UniSolar thin-film solar panels have been specifically designed to be installed with a standing seam metal roof and have a nominal width of 15.5 inches, which fits perfectly onto a 16″ standing seam panel. With a special butyl adhesive backing, the installation of thin-film solar panels is very simple and fast.

Watch how the the solar metal roof is installed and how free electricity is produced right away:

Benefits of Solar Metal Roofing and Roof-Integrated Solar Systems

Installing a solar metal roof is the most cost effective way to get a lifetime roof together with a solar PV system. The savings come from the fact that the installation of a solar power system is greatly simplified, because there is no need to install the racking system, which is needed to hold your conventional solar panels. This saves you about $1 (one dollar) per watt DC of solar system, and eliminates an additional $0.50 per watt for the installation of the racking system and solar panels. With thin-film solar PV laminates, the installation is reduced to cleaning the inside of the metal roof panels, applying and rolling in the PV laminate and installing the metal roofing panels.


Later, when all the standing seam metal roofing panels have been installed, the solar integrator connects the mom and pop contacts on each solar panel to form one, two or more strings of solar panels, and runs the wiring down to the inverter, which then converts the DC power from solar panels into AC power at 240 volts and feeds the electricity into your home’s power network. All excess electricity is sent into the grid (for grid-tied solar systems), or to your storage batteries (for off-grid systems).

Installation of Solar Metal Roofing

Why use a Roof-Integrated Solar System vs. Conventional Solar Panels?

The main problem associated with general solar PV systems that you can now see on many homes around the country, is the fact that an asphalt shingles roof will fail much sooner than the PV solar panels. When that happens, those homeowners will be faced not only with the re-roofing expense, but also with complete removal re-installation of the solar array. This MUST be performed by both the roofer and the solar integrator, as the roofer alone will 99% of the time screw things up.
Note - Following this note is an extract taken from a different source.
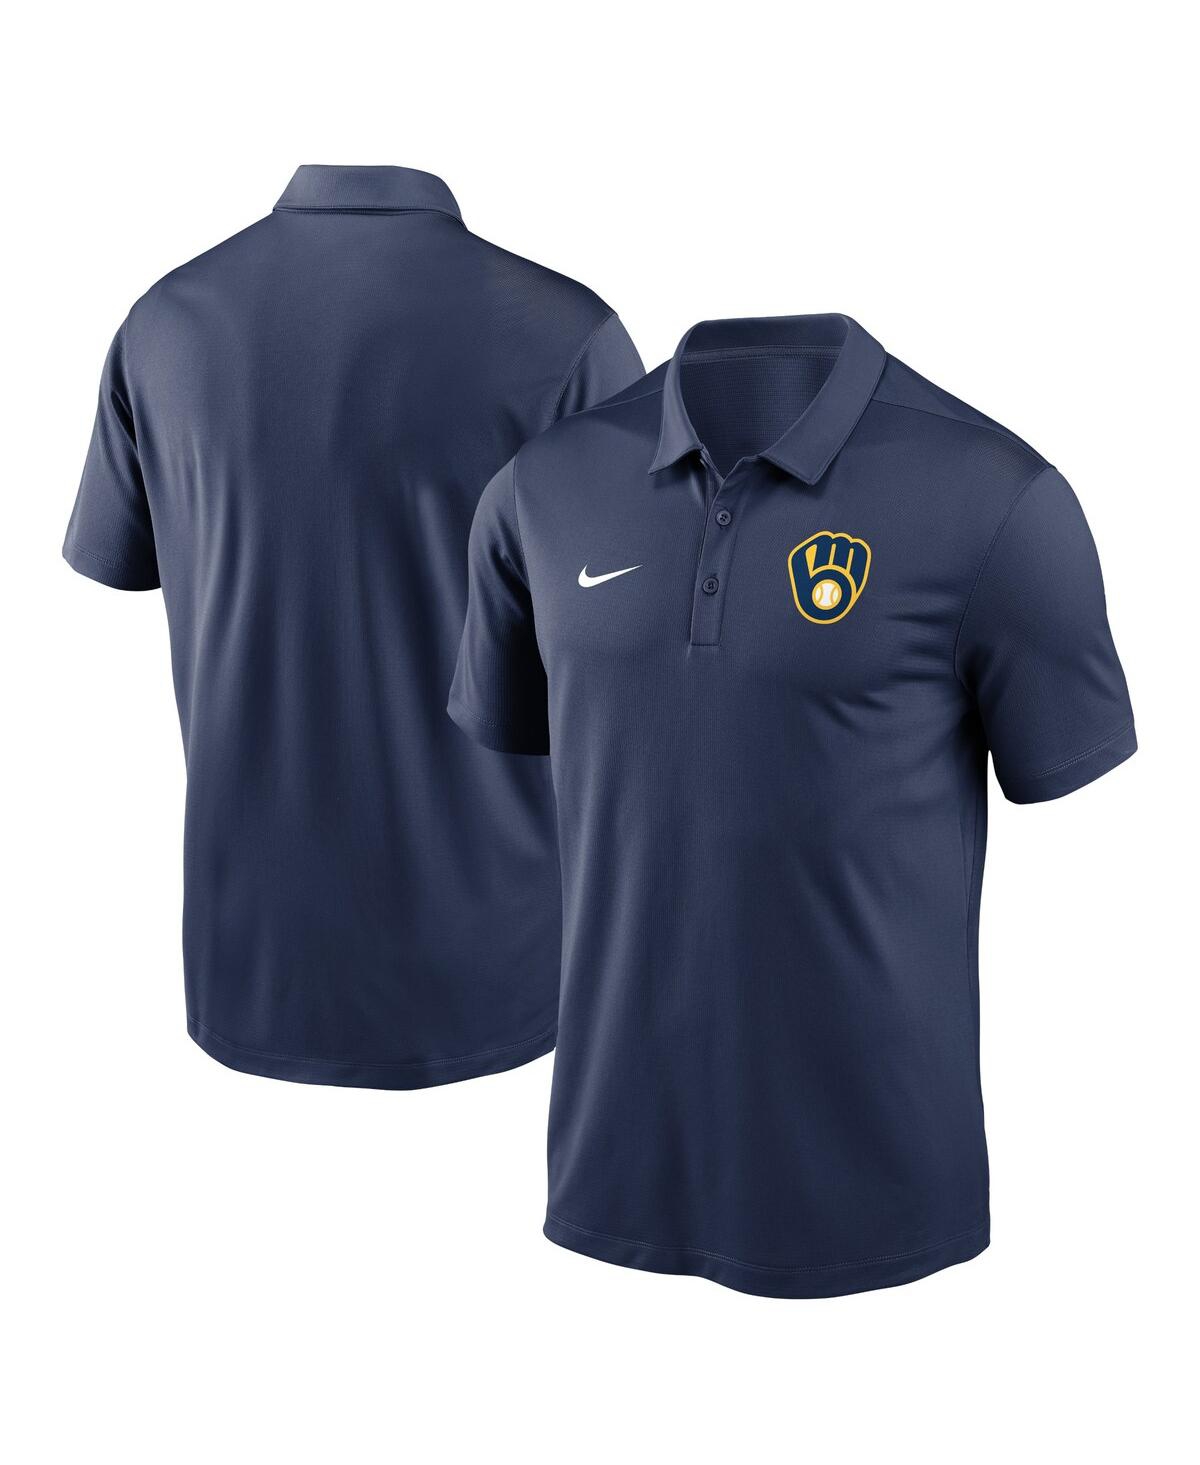 Nike Men's  Navy Milwaukee Brewers Agility Performance Polo Shirt

And bear in mind that a roofing warranty will usually not cover damages to the solar equipment, let alone all the possible short-circuit type situations.

Solar Metal Roof Installation Video:

The additional cost associated with these procedures should be at-least the same as the cost of the new roof itself. Think about it: Electricians unlike roofers have to be licensed. An apprentice electrician needs at-least 4 years of schooling/work experience. This is like an undergraduate degree. A master electrician needs another 4 years. Therefore, electricians usually charge $75-100 per man-hour. You’ll need at least two electricians for this job, which will take a whole day to remove the panels and another day to put them back, if not more.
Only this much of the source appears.